Amazon FC: Amazons bezahlte Gute-Laune-Armee auf Twitter

Amazon setzt mittlerweile auch in Deutschland auf Mitarbeiter, die den Konzern auf Twitter aktiv verteidigen. Was genau das bewirken soll, bleibt unklar.

Sie alle haben "Amazon FC" oder "Amazon FC Botschafter" hinter ihrem Vornamen auf Twitter. Ebenso wie die englischsprachigen Kollegen, die "Amazon FC Ambassador". Der Guardian hatte schon vor einem guten Jahr über die Amazon-Botschafter berichtet, die dort erwähnten Tweets gibt es zum Teil schon nicht mehr. FC, das steht nicht für Fußballclub, sondern für Fullfillment Center.

Immer wieder gibt es bekanntlich Kritik an Amazon, auch in Bezug auf die Arbeitsbedingungen direkt bei dem Online-Konzern. Auf Twitter beleuchten die Botschafter den Alltag bei Amazon, auch mit Fotos und Selfies. Und wenn Kritik an dem Unternehmen laut wird, dann mischen sie sich auch schon mal in diese Diskussionen ein.

Da heißt es dann, man werde bei Amazon übertariflich bezahlt, es gebe viele Frauen in Führungspositionen oder eben einfach, dass die Arbeitsbedingungen "in echt" nicht so seien wie dargestellt. Und das kommt nur von einem der Accounts.
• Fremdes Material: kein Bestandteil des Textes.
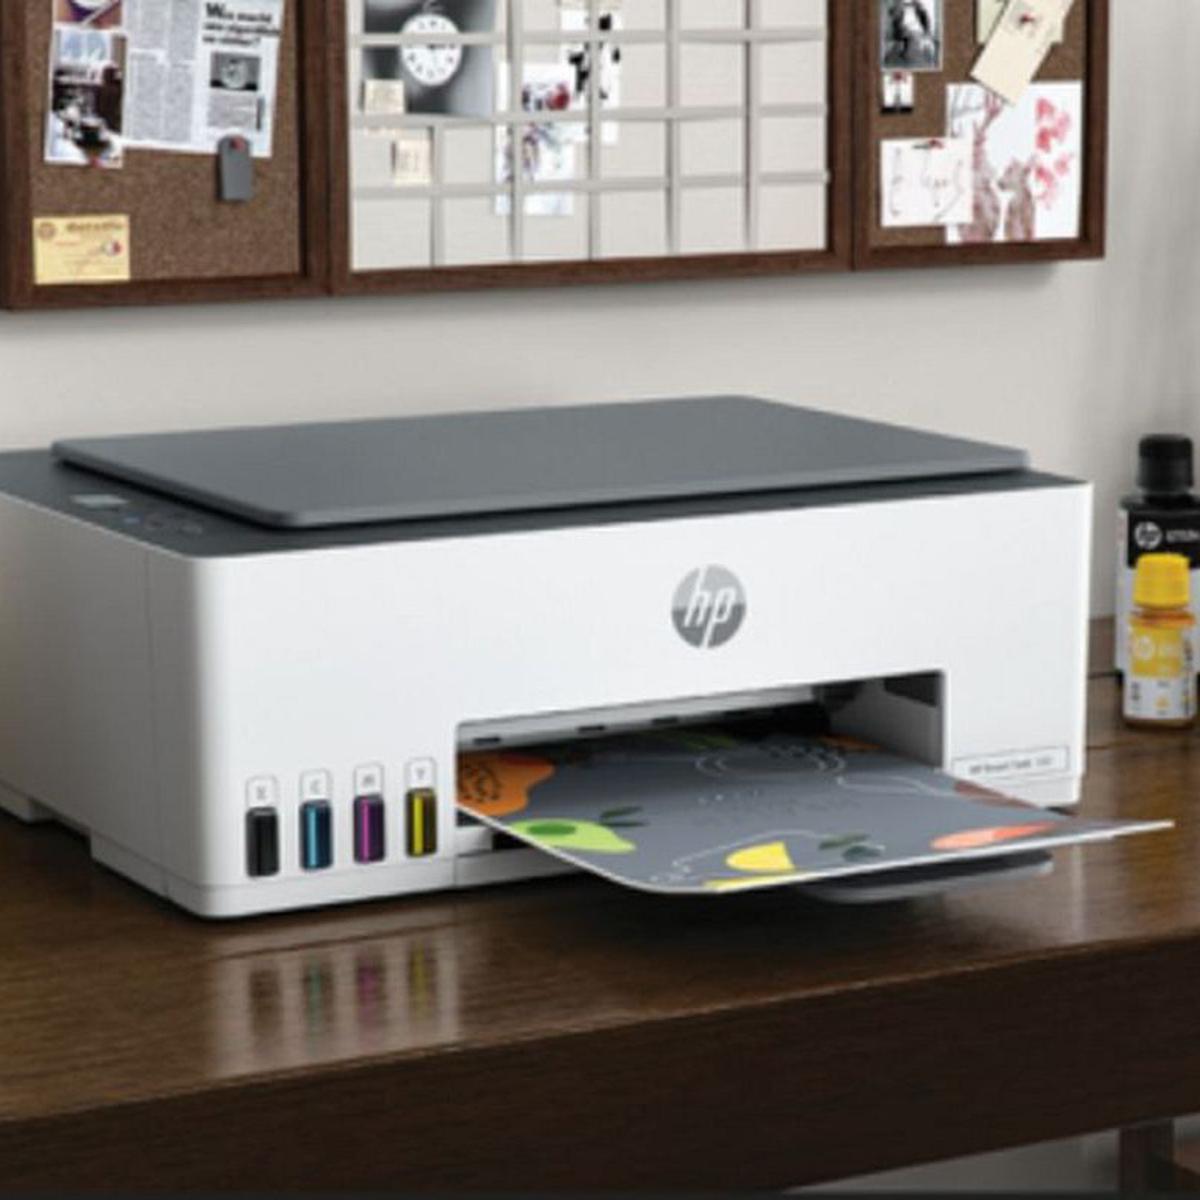 HP Smart Tank Serie 580, la impresora que te ayuda con tu

Amazon Mitarbeiter in Koblenz 1
Genauso glücklich sind die Amazon-Botschafter auf Twitter. / © Amazon

Ob die Berichte so der Wahrheit entsprechen, lässt sich kaum nachprüfen. Dass es immer wieder Kritik an den Arbeitsbedingungen bei Amazon gibt, auch seitens der Gewerkschaften, ist hingegen bekannt. Bayern 3 hatte sich zu Beginn des Jahres schon mit den deutschen Amazon-Botschaftern beschäftigt und dabei aufgezeigt, dass von den Accounts aus hauptsächlich gegen Kritik angetwittert wird.

Arbeitsbedingungen, Gehalt, allgemeine Beiträge zu Amazon als Arbeitgeber waren zu dieser Zeit in dieser Reihenfolge die meiste behandelten Themen. Das Problem daran: Es wirkt unglaubwürdig. Auch, weil die Accounts alle recht ähnlich gehalten und alle voller Freude über Amazon twittern.

Gegenüber dem Guardian hatte Amazon bestätigt, es handele sich um echte Amazon-Mitarbeiter. Ob sie für ihre Aktivität auf Twitter bezahlt werde, wollte Amazon nicht beantworten. Später hieß es dann es seien Mitarbeiter, die in Fullfillment Centern gearbeitet hätten und nun in Vollzeit Botschafter seien - eine Art Social-Media-Team also. Dem widerspricht die Darstellung der deutschen FC-Accounts, denn hier heißt es, Social Media sei zusätzliches Engagement.

Was treibt Amazon da?

Natürlich spricht nichts dagegen, dass Amazon versucht, den eigenen Ruf aufzubessern. Mit einem Social-Media-Team kann das gut klappen. Die Art und Weise wie das in diesem Fall jedoch geschieht, ist schlicht albern. Die Accounts, die in der Regel übrigens auch nur wenigen Accounts folgen und selbst kaum Follower haben, sind überhaupt nicht glaubwürdig. Je mehr man liest, was sie so schreiben, desto unterhaltsamer werden sie jedoch - unfreiwillig, versteht sich.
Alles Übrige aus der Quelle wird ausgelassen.